As statute of limitations is the time in which a person who desires to bring a claim for damages must file the suit, or it is forever barred. For example, in a simple automobile claim for personal injury, the date by which a claim must be brought is two years from the date of the accident.
It isn’t always that simple. Take the case of Chalifoux v. Radiology Associates of Richmond, Inc., decided by the Virginia Supreme Court just last year. In a medical malpractice case, the statute is two years, but doesn’t start to run until the person knows, or should have known, that the doctor committed malpractice. In the event the malpractice was “ongoing,” then it is the last day treatment was rendered. In Chalifoux case, the plaintiff (the injured party) had headaches over the course of nearly three years. Her doctor, and neurologist had sent her several times to the same radiologist, who performed a brain scan, and found no abnormalities. There was an abnormality, the cause of the patient’s headaches, and she sought to sue on the grounds of malpractice. The lower court threw the case out, saying that the radiologist treatment was “episodic” and not “ongoing” malpractice, but the Supreme Court of Virginia reversed, finding that the radiologists continuing misinterpretation of the radiographs, old and new, was a continuing course of treatment that tolled the statute of limitations.
Insurance coverage is a funny thing in Virginia. Generally, any company offering insurance for liability in Virginia is governed by the statutes that provide what that insurance means. It does much matter what the contract for insurance says. If they offer it in Virginia, then, statutes will govern what is covered, and what is not.
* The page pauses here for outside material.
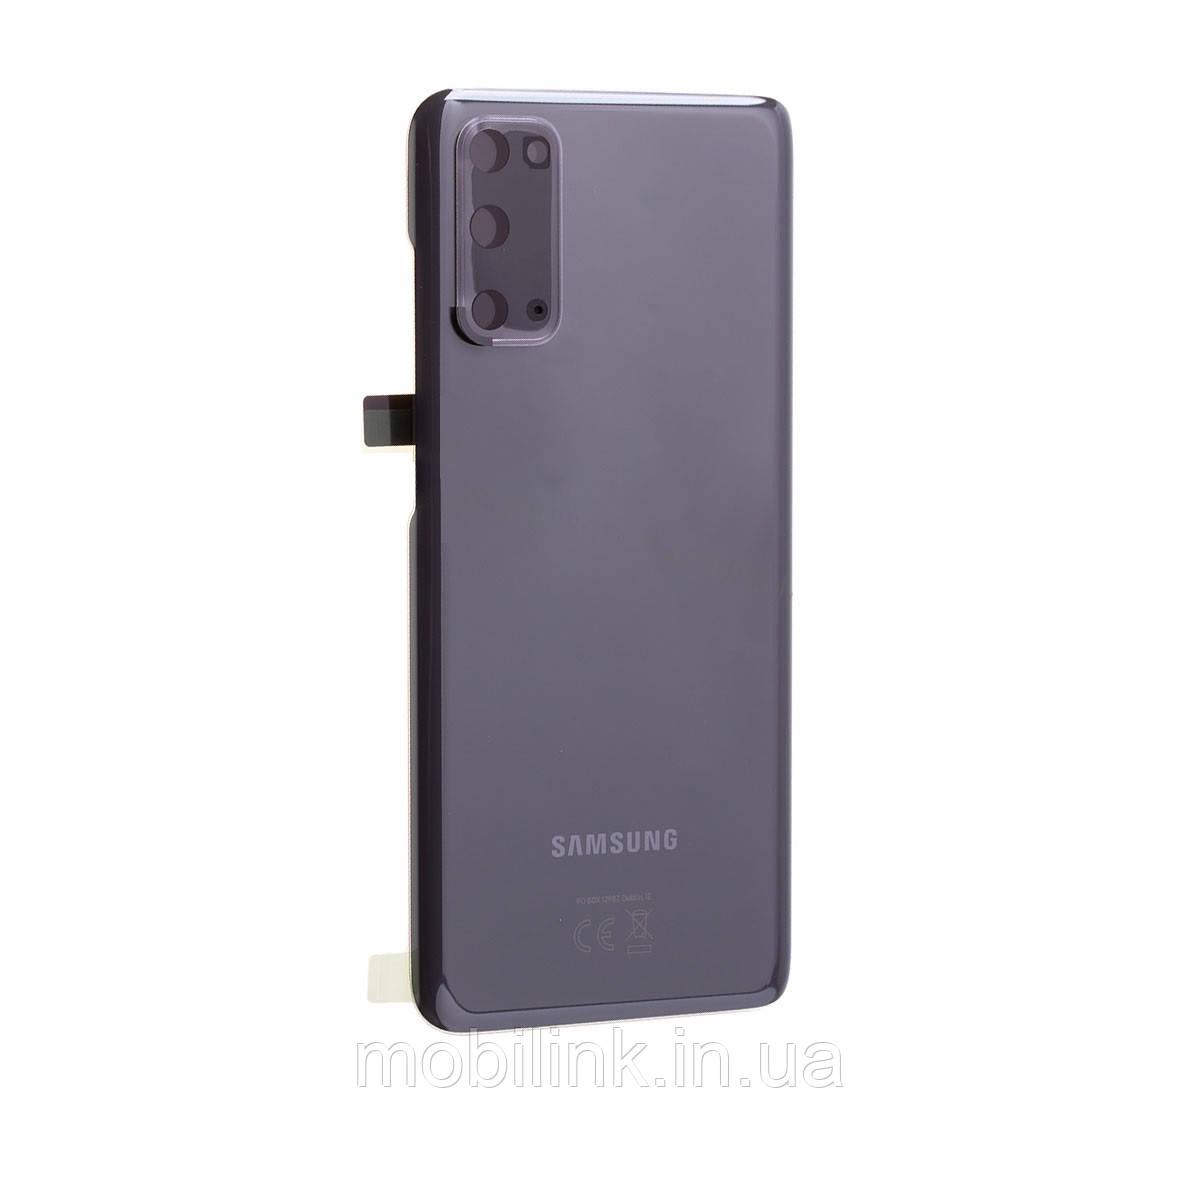 Крышка задняя Samsung SM-G980 Galaxy S20,Серая(Grey), GH82-22520A, оригинал!

Take the case of GEICO v. United Services Automobile Association. In that case, decided just last summer, a car, owned and insured by Mother, was usually driven by Daughter. Daughter often lent the car to others including Male Friend (probably Boyfriend). Daughter and Male friend had an argument, and Male Friend took the car and drove to another town. After thirty minutes of waiting, Daughter called police to report the vehicle as stolen. Of course, Male Friend had an accident. The Court found that Mother’s policy was not responsible for Male Friend’s accident, because, even though he often used the car with permission (which would have made Mother’s insurance responsible), that was not the case in the particular instance.
Generally, a park, owned and operated by a City, County or the Commonwealth, is immune from civil suits for personal injury damages unless the injured party can show “gross negligence.” Gross negligence, very generally (trust me, it gets complicated), is best described as “an utter disregard of prudence amounting to a complete neglect of the safety of another.” Take the case of Volpe v. City of Lexington, decided just last summer. The decedent was a swimmer in a lake that had a “low head dam.” The park knew from the when the park was planned that a low head dam caused unusual currents that could hold a person under and drown them in high water situations. Nonetheless, the City did not post any warning, or take any steps to warn against this risk. The Court determined that the decedent’s family could proceed against the City on gross negligence grounds, find the knowledge of the unusual risk, and the failure to take any steps could convince a jury that the park was not entitled to immunity. The decedent’s family also sought punitive damages, based on “willful and wanton” negligence. The Court found that no such suit could continue since there was no evidence that the City engaged in a “spirit of mischief, criminal indifference, or conscious disregard for the rights of others.” We lawyers debate if there is really a difference between these standards all the time.